From Gough Whitlam to Tony Abbott, Australia has pursued a pragmatic, national interest-based China policy that, in John Howard’s words, set differences to one side and worked on the things we could agree on. Under Howard and earlier Labor Prime Ministers Australia told China that nothing in our alliance obligations would drive us into conflict with China. Other US allies implicitly take the same approach. But does China’s rise and America’s decline now make that too hard? Especially as the US appears to be embracing trade war and a Cold War against a China it now defines as strategic rival. Diplomacy provides the key to being a US ally and a partner of the Chinese, and that includes tough talk with China when necessary. It will also require saying “no” to US requests to recruit Australia to a strategy to curb China’s rise - something we do already - and in a context where we can no longer parrot “We don’t have to choose.”

About the speaker

Professor The Hon. Bob Carr is the Director of the Australia-China Relations Institute (ACRI) at the University of Technology Sydney (UTS), the only Australian think tank devoted to illuminating the Australia-China relationship. He is a Professor in International Relations at UTS.

Professor Carr is a former Foreign Minister of Australia (2012-2013). He is also the longest continuously serving Premier in New South Wales history (1995-2005). His administration pioneered private provision of public infrastructure, lifted public works spending to a record high, increased school literacy standards and declared 350 new national parks. He received his Honours degree in History from the University of New South Wales.

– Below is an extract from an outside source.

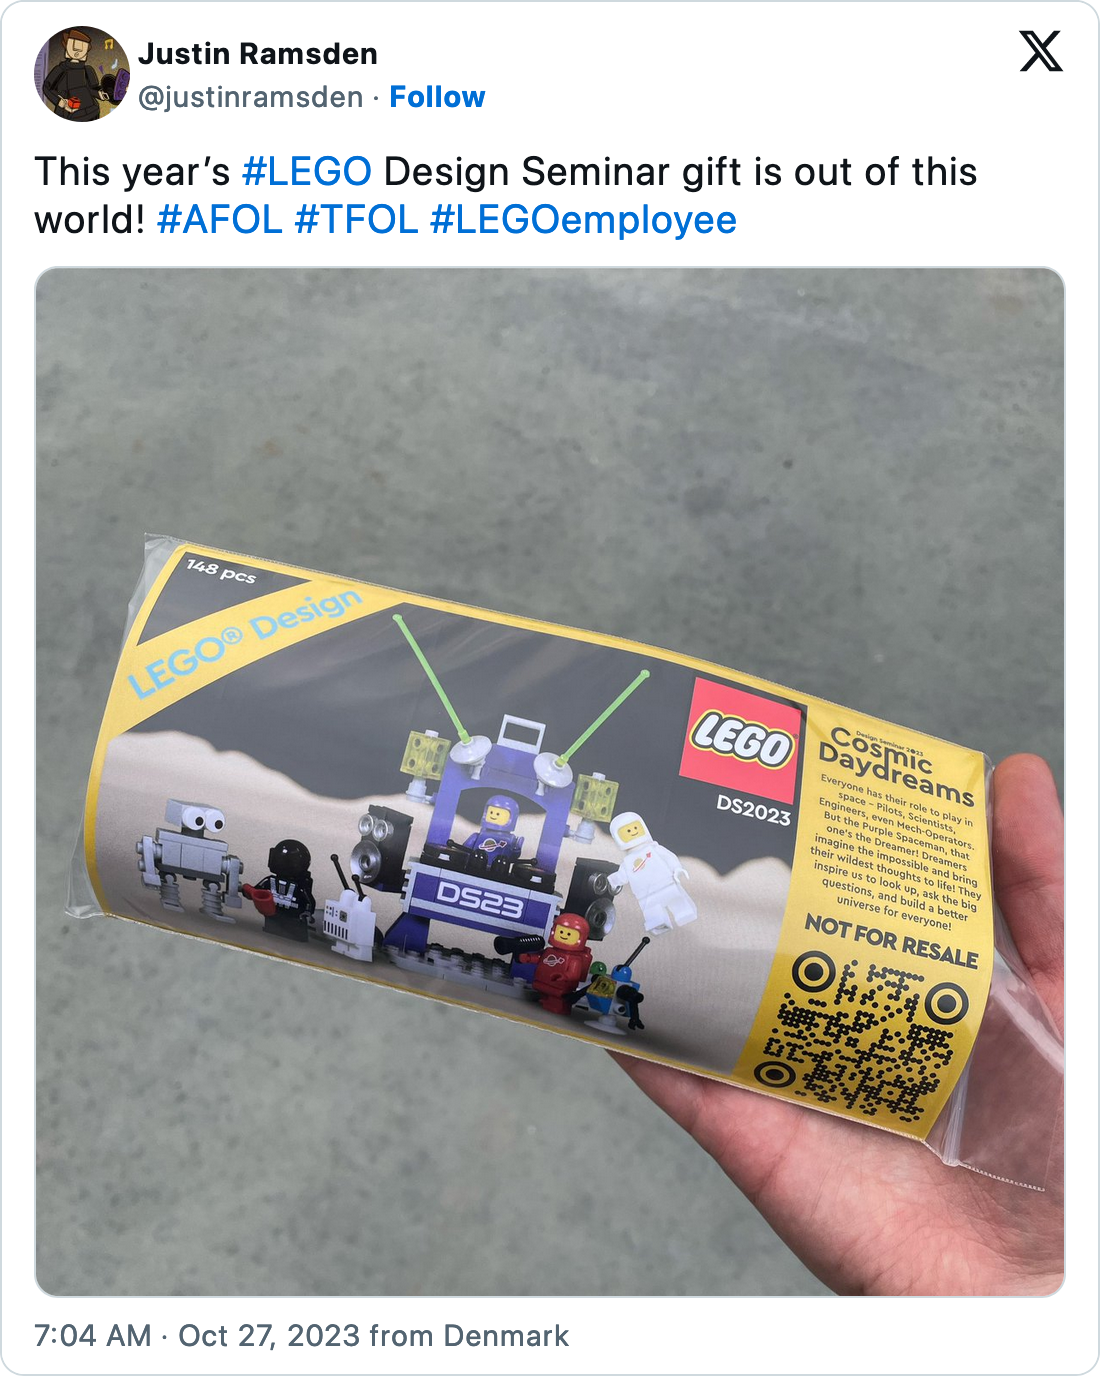 [Tweet](https://twitter.com/justinramsden/status/1717905071881499043) revealing Lego DS2023 Cosmic Daydreams to the public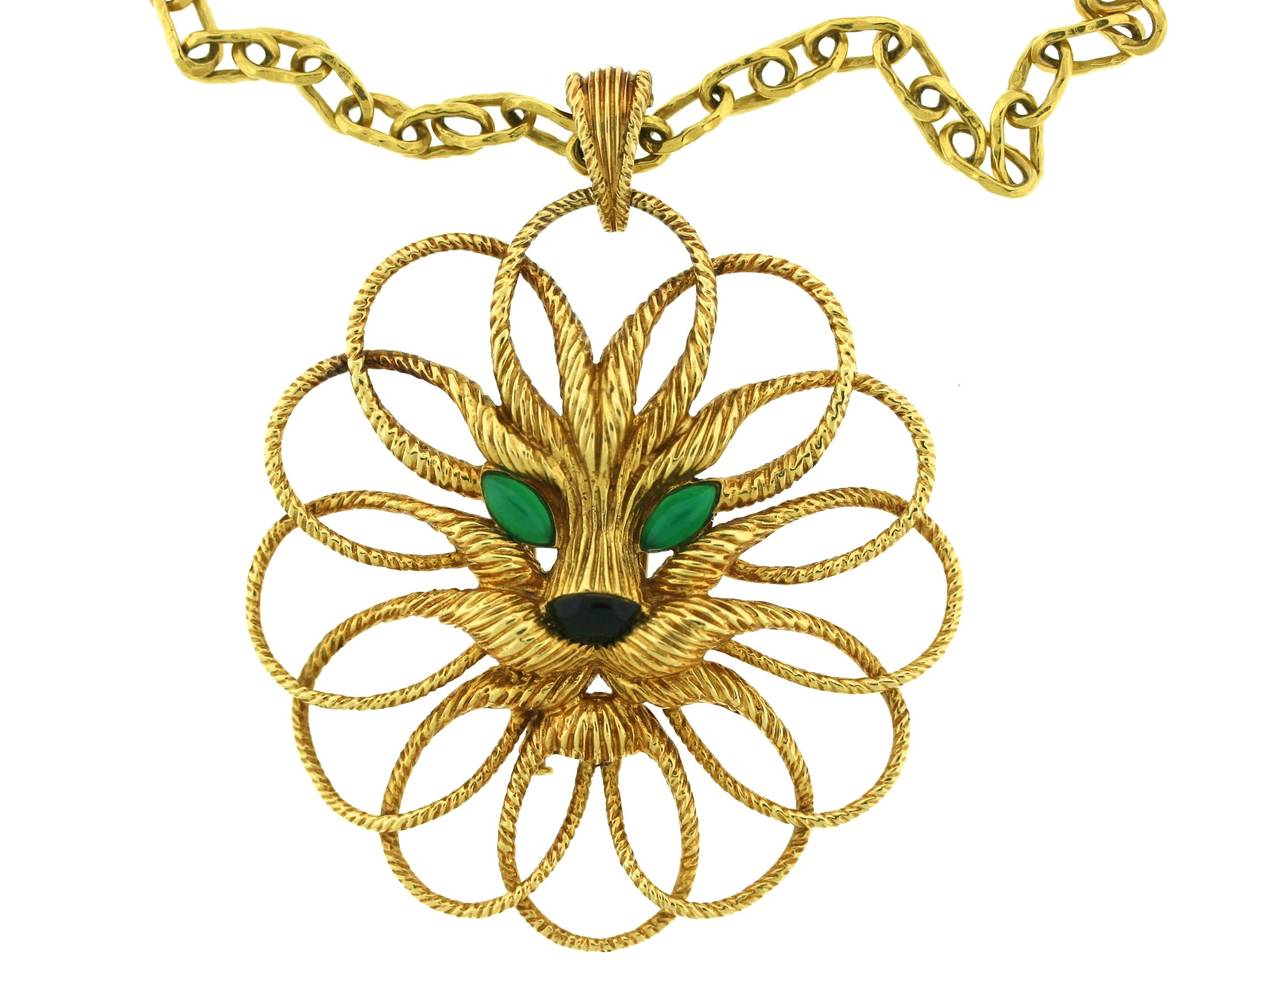 Van Cleef & Arpels 18k gold pendant designed as a circular-shaped lion's head with chrysoprase eyes and a black onyx nose suspended from a long hammered gold elongated oval link chain. The lion's mane and whiskers are worked into oval loops of

He is an Honorary Professor at Beijing Foreign Studies University. He is a recipient of the RSIS Distinguished Visiting Fellowship from Nanyang Technological University and the Fulbright Distinguished Fellow Award Scholarship for service to US-Australia relations. He has served as Honorary Scholar of the Australian American Leadership Dialogue. He has been frequently interviewed by international media. His opinion pieces are published in The Australian Financial ReviewThe AustralianThe Sydney Morning Herald and Nikkei Asian Review. He is the author of Thoughtlines (Viking, 2002), What Australia Means to Me (Penguin, 2003), My Reading Life (Penguin, 2008), Diary of a Foreign Minister (NewSouth Publishing, 2014), and Run for Your Life (Melbourne University Press, 2018). Professor Carr’s research focuses on international relations, foreign policy, Chinese politics and economics, national defence and security.